Tuesday 16 April 2019

Chill out

Daylight saving has ended and I'm finding that everything has started growing again, but I'm fearing the frosts will come soon and end all this nice new growth. For example lots of nasturtium seeds have decided to germinate, but, how much chance will they have to flower when the frost will kill them?

I finally got my second compost bin set up. It came in a box with instructions to screw it together with nuts and bolts, but, so far I have only put in the base layer of twigs and dried up muehlenbeckia vines, and a scattering of comfrey leaves, as dad hasn't mowed the lawns yet to put grass clippings in.

My garden seems a bit out of balance as I'm finding I'm always short of something...there isn't enough shade, there isn't enough soil, and there isn't enough material to make compost with. Which means, I have to still go out and buy materials, or scrounge. I am really loathe to buy compost in plastic sacks now. I just don't think they have any life in them. How can it compare with home-made compost? Why should I buy an inferior product when I could make a superior one for free?

I am also trying to put all the rubbish I learned in commercial gardening behind me. I come clean about commercial gardeners - they don't actually care for your garden. They 'care' only so they can make money from you. I am in absolute horror at some of the unsustainable practices they do,  only justified because of their 'bottom line'.

For example. None of the commercial gardeners ever make any compost from the garden 'waste' they remove. In all the gardens I've been to (called 'sites') all the green material is removed, sometimes not  even sorted, and put into the landfill or waste transfer station. It's never returned to the garden as compost. We don't know where it goes after that. Even if it is eventually made into compost, then it's sold to someone else so never actually returned to the land it came from. Top soil is removed too (from building sites) and new, dead top soil brought in. Nothing ever done to grow new soil, and what little soil is left is hoed to death. Bark is used as mulch rich robs a lot of nitrogen from the soil, so more chemical fertilisers need to be added.

Fossil fuels. Commercial gardeners expend a lot of time and energy just getting from site to site. They only spend a few hours on one site, and often not there for the entire day. Why because workers are paid by the hour. So the less they can pay and the faster they work better. But haste makes waste, and shortcuts are taken.

Pesticide use. Many of the commercial gardeners will spray for short term effect and not care that in the long term they are poisoning the land. One company admitted they sprayed roundup 35% of the time because they just couldn't be bothered weeding. Not enough staff. No matter even if there are children running barefoot on the land they are spraying. They even held seminars trying to convince workers that its safe, and call it earning your 'Growsafe' certificate. What rubbish! It's not 'grow safe'! It's bloody poison!

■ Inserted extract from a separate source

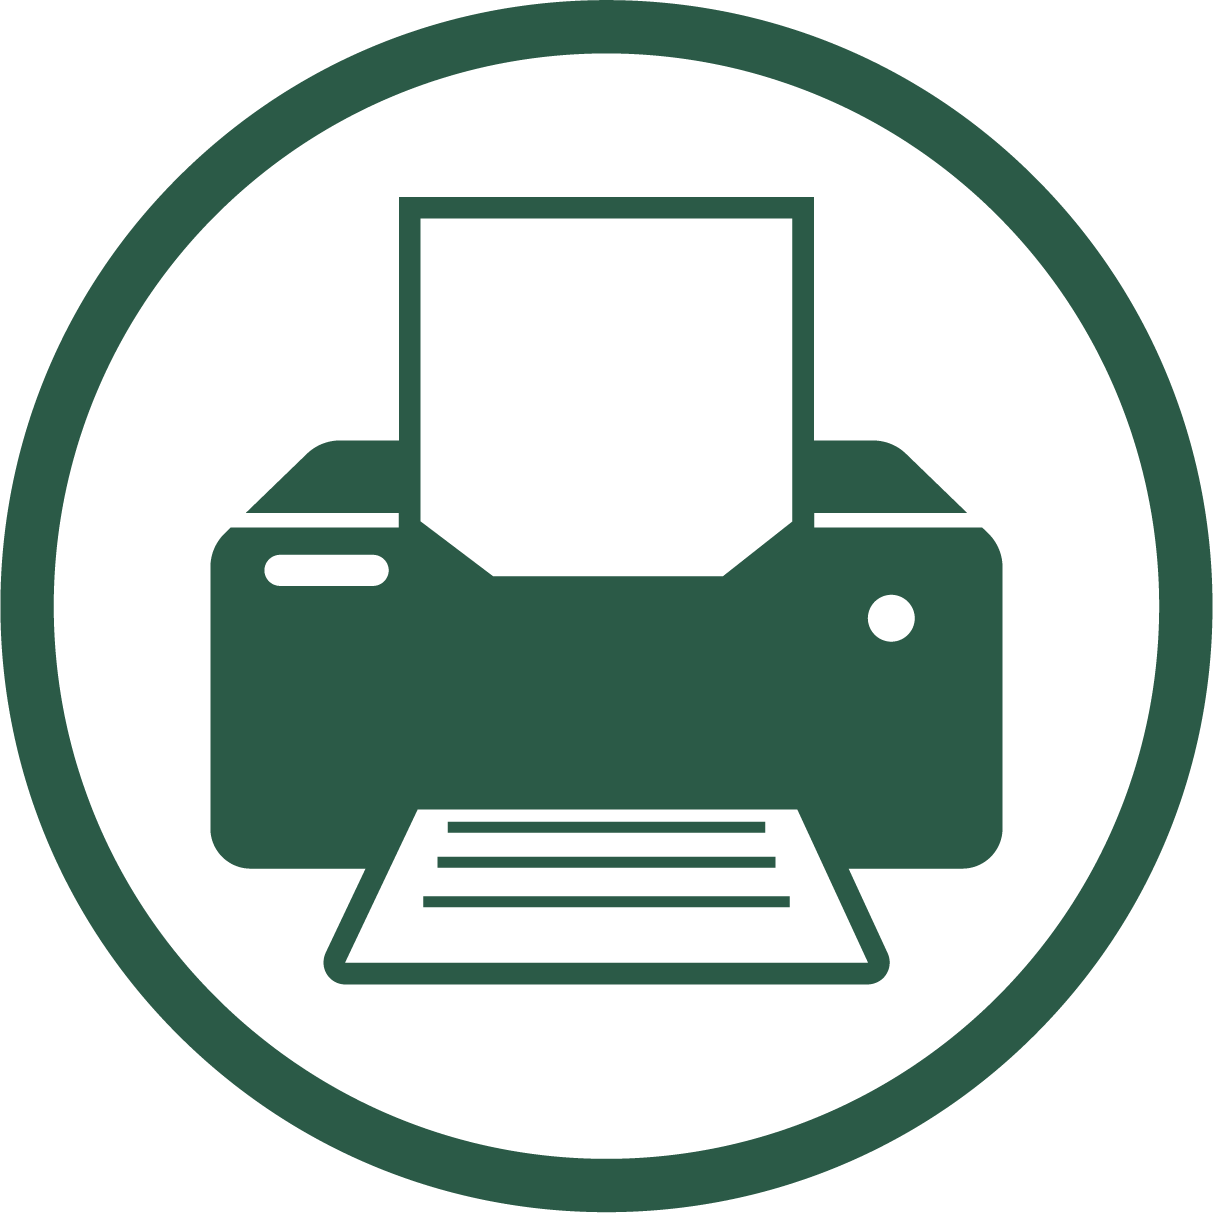 Printing Icon

Worse than the 'spray, and walk away' attitude, is the 'wet and forget' mentality. I've seen trees planted in the most inappropriate places. Very expensive specimens languishing in planter boxes. Go up to North Westgate and you'll see what I mean. Dead pohutakawas, that might have looked great at first, but whoever didn't think to plant them IN THE GROUND because they grow into a huge tree, was not obviously thinking like a gardener who cares for plants, but as a designer who wants to play around with living things. Sure it will look good for a season, but then, plants grow. And when plants grow they need looking after. But someone obviously makes a lot of money planting plants in inappropriate places, and then leaving it for someone else to look after.

"Mow, blow, and go". This is not gardening. It's basically the equivalent of a tidy up job. Gardens are not places to be 'tidied'. So really think about whether you want a real gardener or just an outdoor tidy-upper. Because an outdoor tidy-upper will just poison all your plants so nothing will grow, and it will look tidy, but you won't have a garden. The funny thing is, it seems like some so-called garden companies are devolving. When I heard that the one I worked for was helping put in a carpark (instead of a garden) and facilitated this, I though, how suicidal is that. Are they in the business of growing things or killing things?

Before I get a headache from thinking about this stuff that makes me kinda angry, I will just write my rant in this blog and maybe put it out there because its stuff they don't ever tell you about the dirty trade of commercial gardening.

And I'm just going to chill out and put all that behind me, and thank God that I am free of bondage from commercial gardeners.